抗がん剤の治療をおこなっている間、当然母は経過観察で毎回検査を受けるのですが、右腕のリンパにも転移している疑いがあると言われてしまいました。

転移が認められると途端に生存率が下がると言われている「がん」
私たち家族はその知らせを聞いて、ショックを受けました。

しかもリンパに転移するがんは相当厄介だとも聞きます。
リンパは体内を循環するものなので、リンパや血液に転移すると全身にがんが侵食してしまうと聞いた事がありました。

そうは言っても、もともと進行性の強い活発ながん細胞という風に診断され、その勢いを封じ込め、身体全体にがんの影響が出ないよう、まず抗がん剤で局部的にではなく全身にアプローチして治療しようという方向性で固めたという主治医の判断は間違えていなかったんだ、という僅かな安堵感も覚えました。

母はどこまでもポジティブだなぁと思いましたが、この時にも、真っ先に「先に手術じゃなくて、抗がん剤の治療を始めておいてよかった」と言いだしたのが母でした。
リンパに転移しているかもしれないという事が発覚し、愕然として何も言えなくなってしまった私たち家族を前に、最初に明るくポジティブな気持ちを発言してくれた母。

きっと無理をしていたのだと思います。
がんに侵されたというだけでショックが大きかったろうし、抗がん剤治療も徐々に副作用が出始めて辛いだろうに、そんな最中リンパにまで転移しているかもしれないなんて知ったら、心が折れてしまっても何も言えないでしょう。

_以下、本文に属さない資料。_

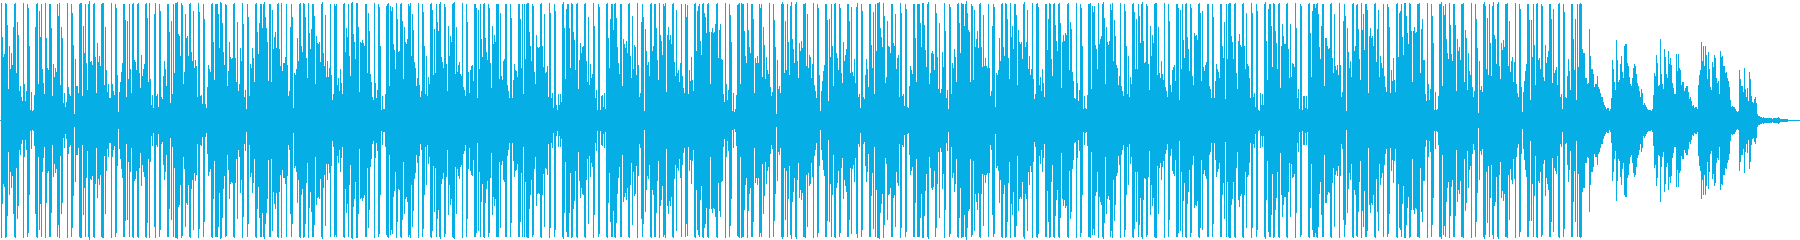 Lofi Hiphop ピアノ 穏やかの再生済みの波形

でも、母は、おそらく、自分がくよくよ落ち込んでいては家族みんなに伝染してしまうと思ったのでしょう。
一家の中で最も気丈に、最も明るく振舞っていました。

母のいないところで、父と私と妹の3人で話し合いました。

母は無理をして平気なふりをしているけれど、絶対にしんどいし、気持ちだって必死に前を向こうとしているだけ。
でも、それはあえてそのままにしておこう。
自分たちは、仰々しく接するのではなく、いつも通り振舞って、でも家事などは全力でサポートするようにしよう。

そんな事を話し合いました。

母はというと、相変わらずやりたい事を無理ない範囲でやりながら、家事もこなしていましたが、抗がん剤の副作用はどんどん色を濃くしていき、爪や指先の変色は収まったものの、頭痛や胃もたれに悩まされるようになってきました。